Set the x and y coordinates in a single pass using in-order traversal.

layout : Tree a -> Tree (a, (Int, Int))
layout tree =
    layoutAux 1 1 tree 
      |> Tuple.first

layoutAux : Int -> Int -> Tree a -> (Tree (a,(Int,Int)), Int)
layoutAux x y tree =
    case tree of 
        Empty -> 
            (Empty, x)

        Node n l r ->
            let
                (lTree, xl) = layoutAux x (y+1) l
                (rTree, xr) = layoutAux (xl+1) (y+1) r
            in
                (Node (n, (xl,y)) lTree rTree, xr)

Solution 2

This solution breaks down the process into three steps,

  • Inserting a coordinate to each node
treeMap addXY tree
  • Setting the y value to the depth
treeMapDepth setY 1
  • Setting the x value to the in-order index
treeMapInOrder setX 1

This is not an efficient solution, as the tree must be traversed multiple times. However the traversal functions treeMapDepth and treeMapInOrder modeled on List.indexedMap will be useful functions for other problems.

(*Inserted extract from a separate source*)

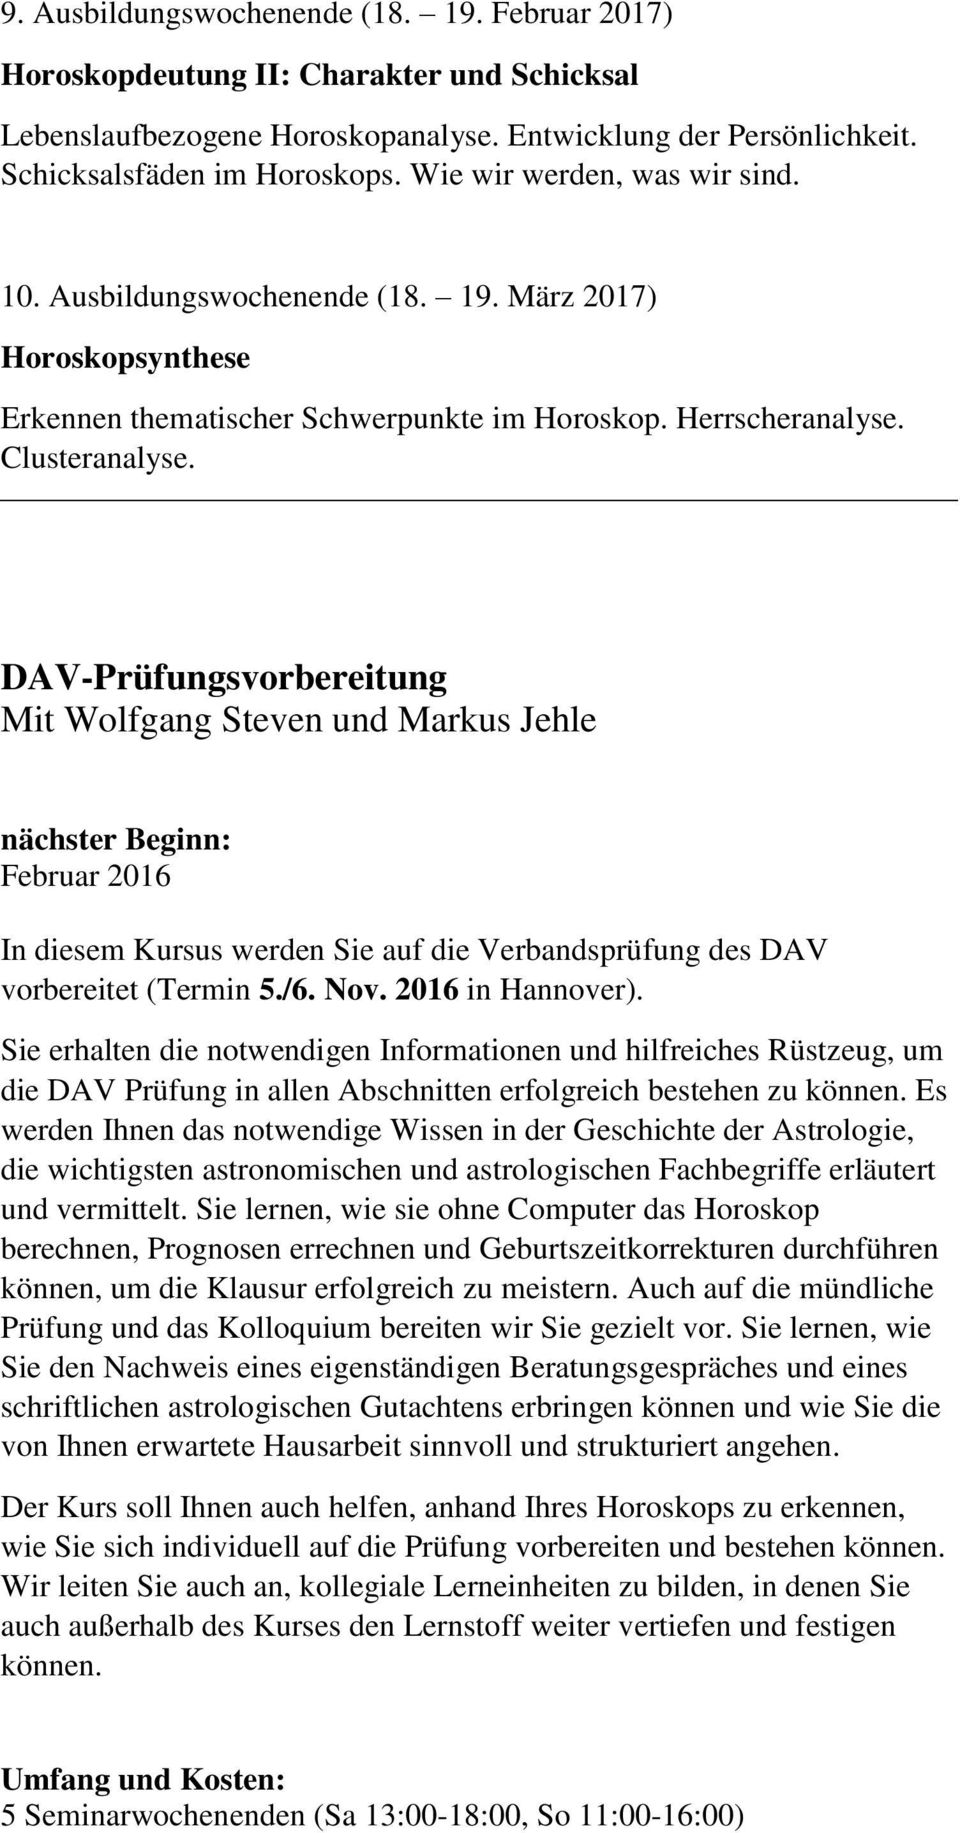 DAV-Prüfungsvorbereitung Mit Wolfgang Steven und Markus Jehle nächster Beginn: Februar 2016 In diesem Kursus werden Sie auf die Verbandsprüfung des DAV vorbereitet (Termin 5./6. Nov.
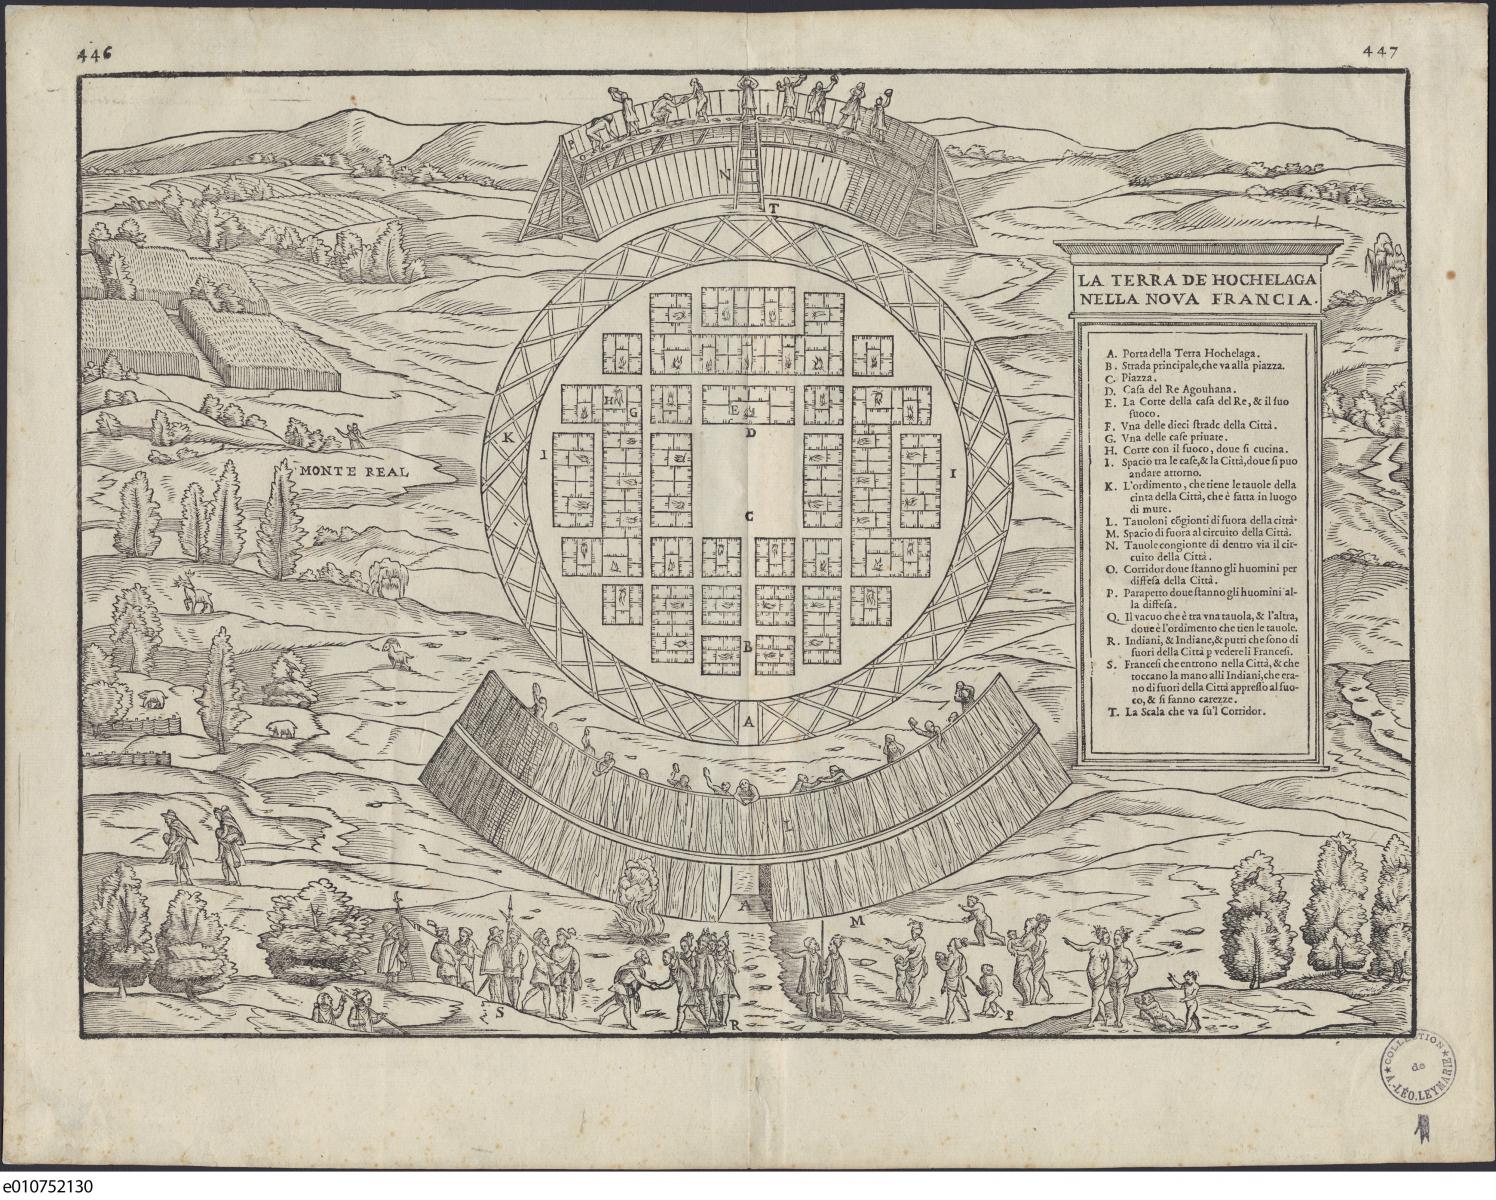 Ce plan figuratif de Gian Baptista Ramusio présente la bourgade d'Hochelaga selon les instructions de Jacques Cartier.

layout : Tree a -> Tree (a, (Int, Int))
layout tree =
    treeMap addXY tree
      |> treeMapDepth setY 1
      |> treeMapInOrder setX 1


addXY : a -> (a, (Int, Int))
addXY v =
    (v, (0, 0))


setY : Int -> (a, (Int, Int)) -> (a, (Int, Int))
setY n (v, (x, y)) =
    (v, (x, n))


setX : Int -> (a, (Int, Int)) -> (a, (Int, Int))
setX n (v, (x, y)) =
    (v, (n, y))


treeMap : (a -> b) -> Tree a -> Tree b
treeMap f tree =   
    case tree of 
        Empty -> 
            Empty

        Node v left right ->
            Node (f v) (treeMap f left) (treeMap f right)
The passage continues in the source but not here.